# injured sharpenng chain



## imagineero (Nov 26, 2011)

Hi All,
Just thought I would post this up. I often end up getting little nicks/scratches when hand sharpening. I try to wear gloves when I'm doing a bunch of saws - I wear kevlar blue welding gloves - but when doing a quick touch up I often don't bother. The gloves are great. You don't lose much feel and you can freely grab the chain and not be at risk of a cut. The way I sharpen is to fasten the whole saw in a vice. I have 30 degree marks on the bench so I can get a consistent angle. I use both hands on the file - one at the front and one at the back. 

How I end up nicking myself is that sometimes the tooth has become shallow... the file isnt deep enough in the gullet. If have time, I'll file the gullet out deeper but if I'm in a hurry I just give it a few licks. The file ends up skidding off the top of the tooth and you nick yourself on the cutter, or sometimes on the dogs.

Couple of days ago I was filing up a bunch of saws and wasnt wearing gloves. I like to put quite a lot of 'push' into my file so I only do one stroke or two rather than 3 or 4. With 2 hands you can really put some lean on the file especially if the chain brake is engaged. The file skidded off the top of the cutter, and my right hand smashed into the cutter full force.

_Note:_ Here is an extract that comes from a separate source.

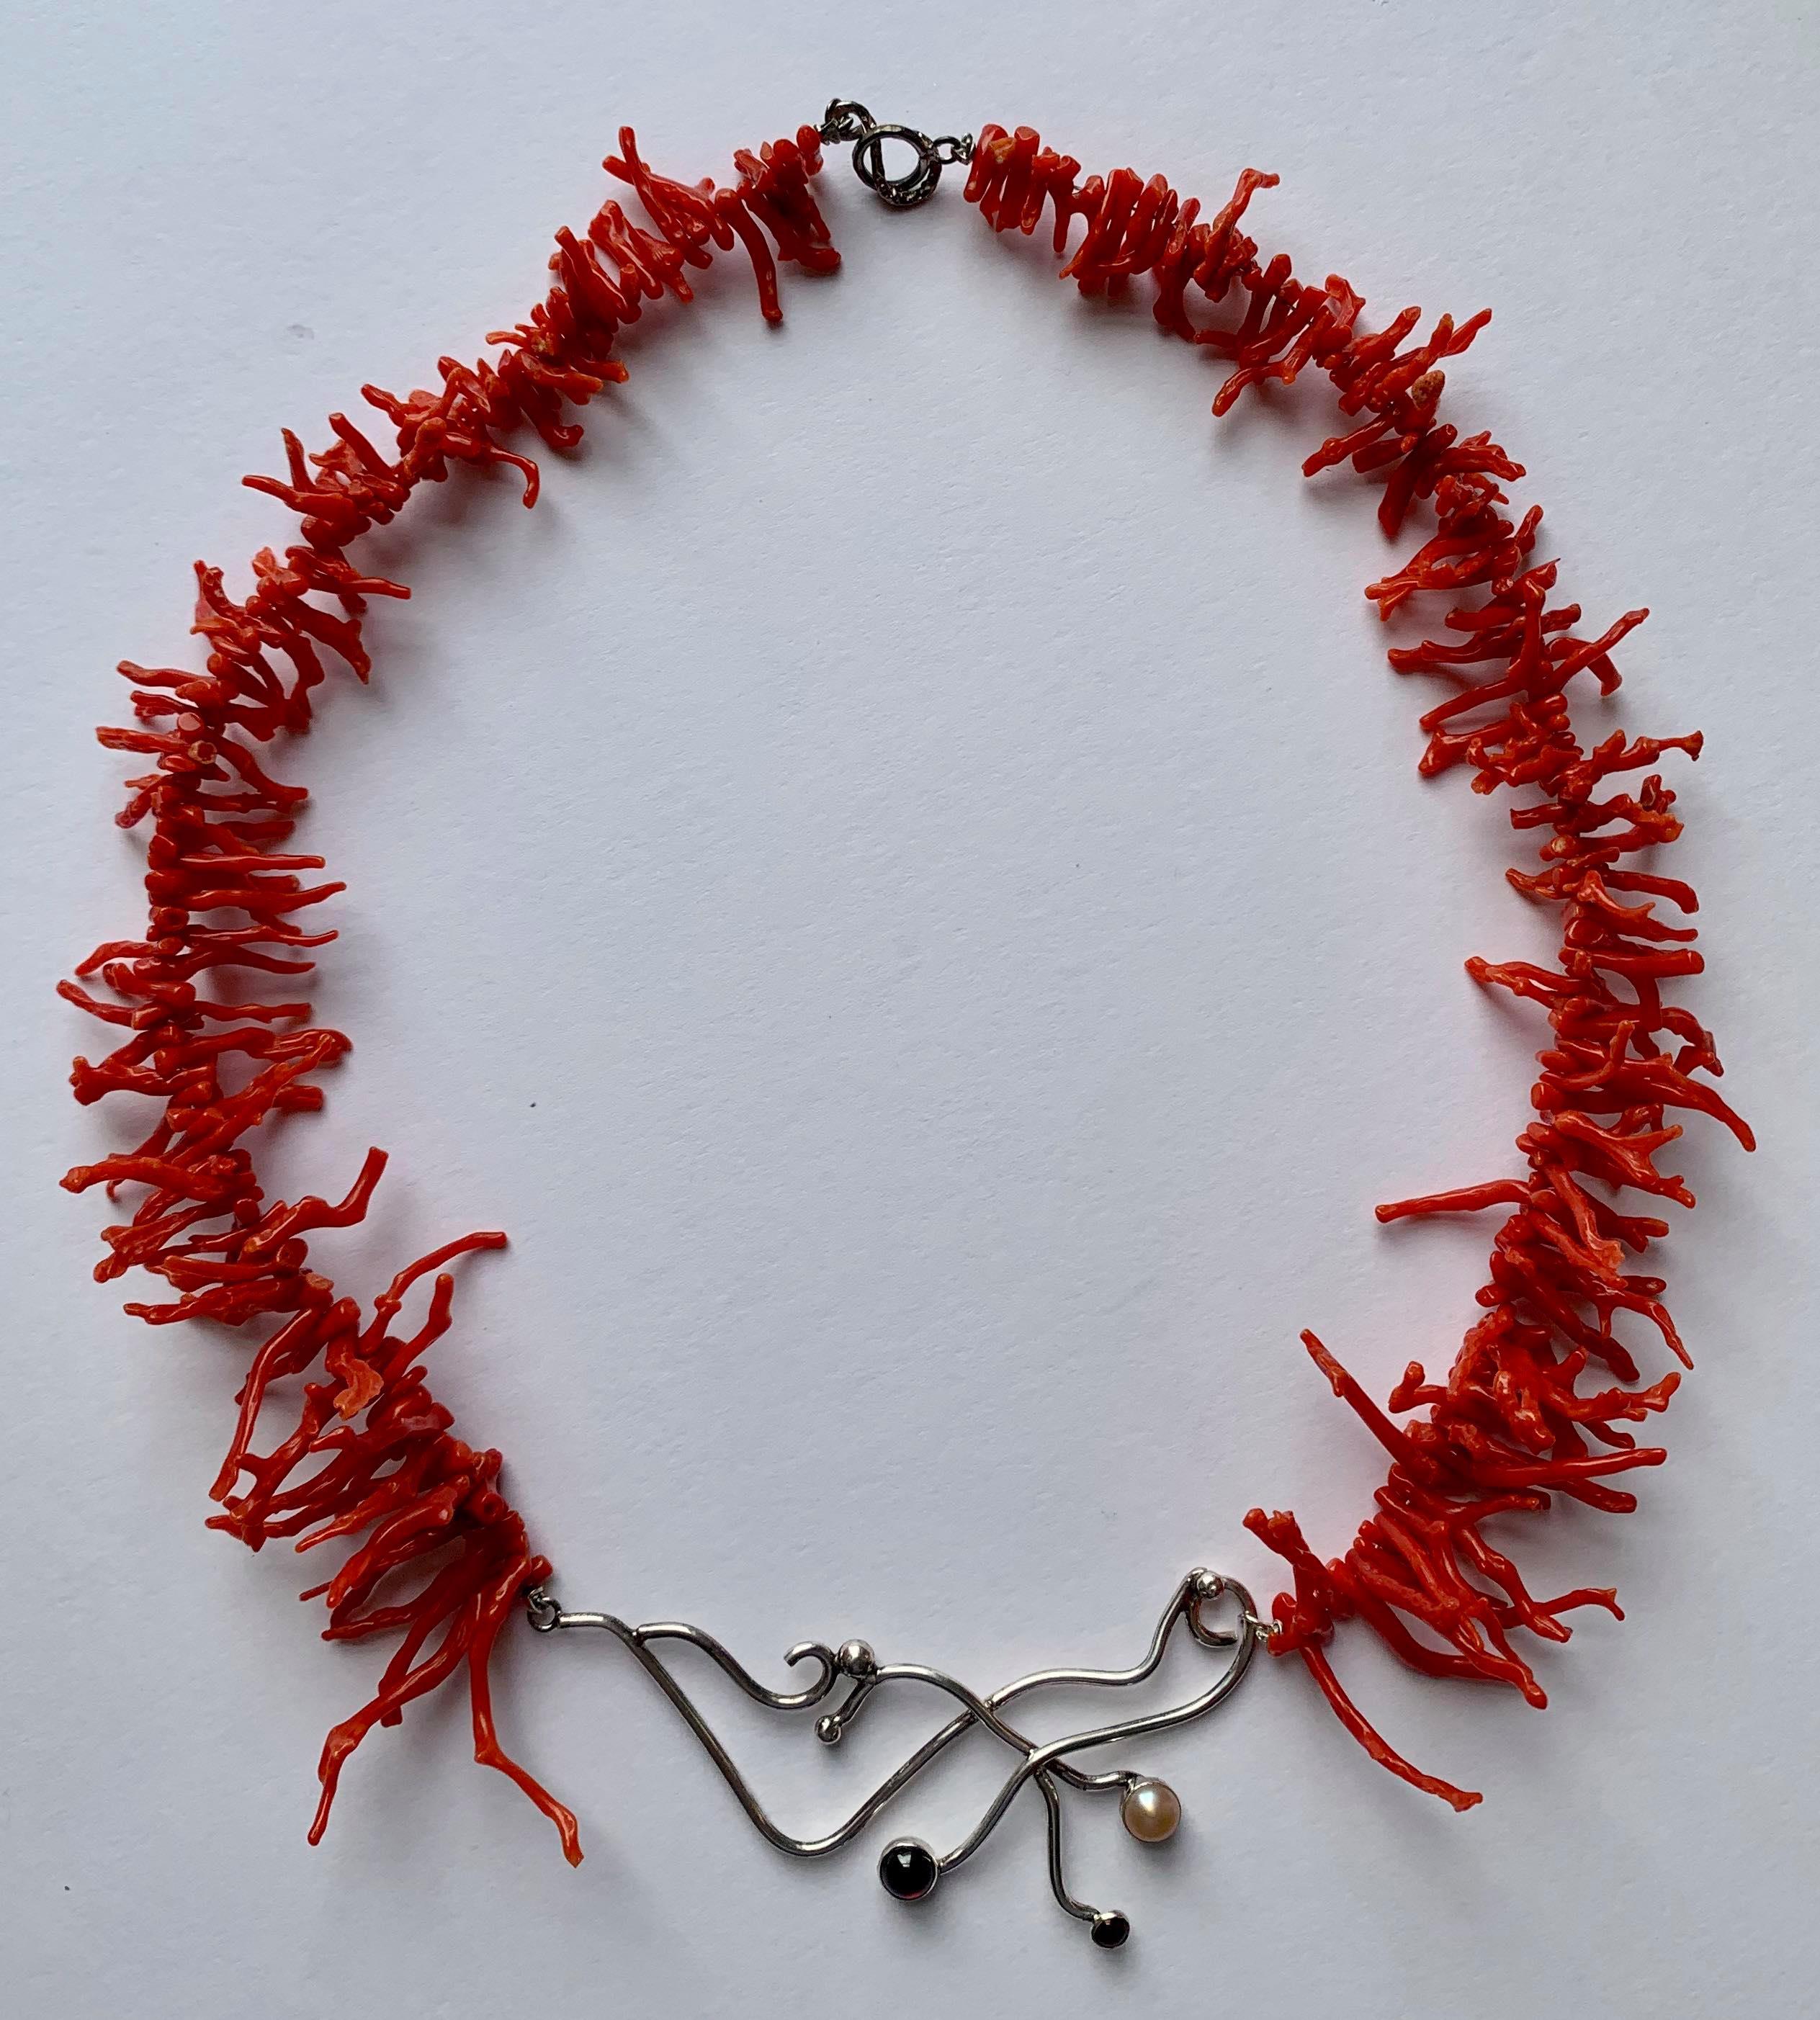 Schmuck- Handgefertigte Korallen-Halskette – Mixed Media Art von Mary Wheeler

The cutter sliced open the outside of my right index finger, a cut about an inch and a half long, pretty much to the bone. It needed stitches but my local medical centre didnt have a doctor on staff that late at night so they supeglued it back together. It will heal fine but leave a scar. I'll be wearing gloves from now on.

Shaun


----------



## derwoodii (Nov 27, 2011)

I'm with ya sport, your story is shared by all who hand file. Not only to suffer the pain and grief of a deep cut but the kicking to ya self for rushin n thinkin you'll get away with a quickie hand job file.


----------



## imagineero (Nov 27, 2011)

The only surprise is that it took me this long to seriously injure myself. I haven't kept a tally of the number of times I've filed a chain but it would have to be well into the 10's of thousands. Over that time I've had hundreds of nicks and scratches, but never a serious cut. Gloves will be mandatory for hand sharpening for me from now on.

Shaun


----------



## RandyMac (Nov 27, 2011)

I've been there too Shaun. Took six stitches on the bird finger knuckle, lost at sliver of cartilage to boot.
A week after I pulled the stitches, I got a cut that connected the ends of the first cut. The hell of it is, I was wearing gloves, but they were White Ox with canvas backs. I went to all leather for filing after that.
I also took to sharpening the bits close to the body of the saw, when the filed skipped over, I only banged knuckles on alloy or risked impalement on the spikes. Chain cuts are wicked.


----------



## treemandan (Nov 27, 2011)

It seems like the Pferd brand/type of sharpener affords a little bit more of a sheild than a round file alone. 

Nasty bit of fortune. I hope you'll be allright.


----------



## ray benson (Nov 27, 2011)

Seems when I forget to put on the gloves to sharpen - the file slips. Many cuts through the years, luckily none needing stitches.


----------



## Philbert (Nov 27, 2011)

I think that Baileys used to sell a 'safety' (safe-tee?) file handle to protect your hand somewhat. Never tried it. Don't know if it was clumsy to use, etc.

I think that in one thread someone suggested placing a large plastic or leather washer at the end of the file handle to act as a gauntlet, and protect your file holding hand in case it slips.

Philbert


----------



## redneck51587 (Nov 27, 2011)

OUCH! I usually get my hands a couple times a year... rolling the chain while taking down rakers. if you got a big chisel chain it can really take a chunk out! LOL


----------



## Philbert (Nov 27, 2011)

Philbert said:


> I think that Baileys used to sell a 'safety' (safe-tee?) file handle to protect your hand somewhat.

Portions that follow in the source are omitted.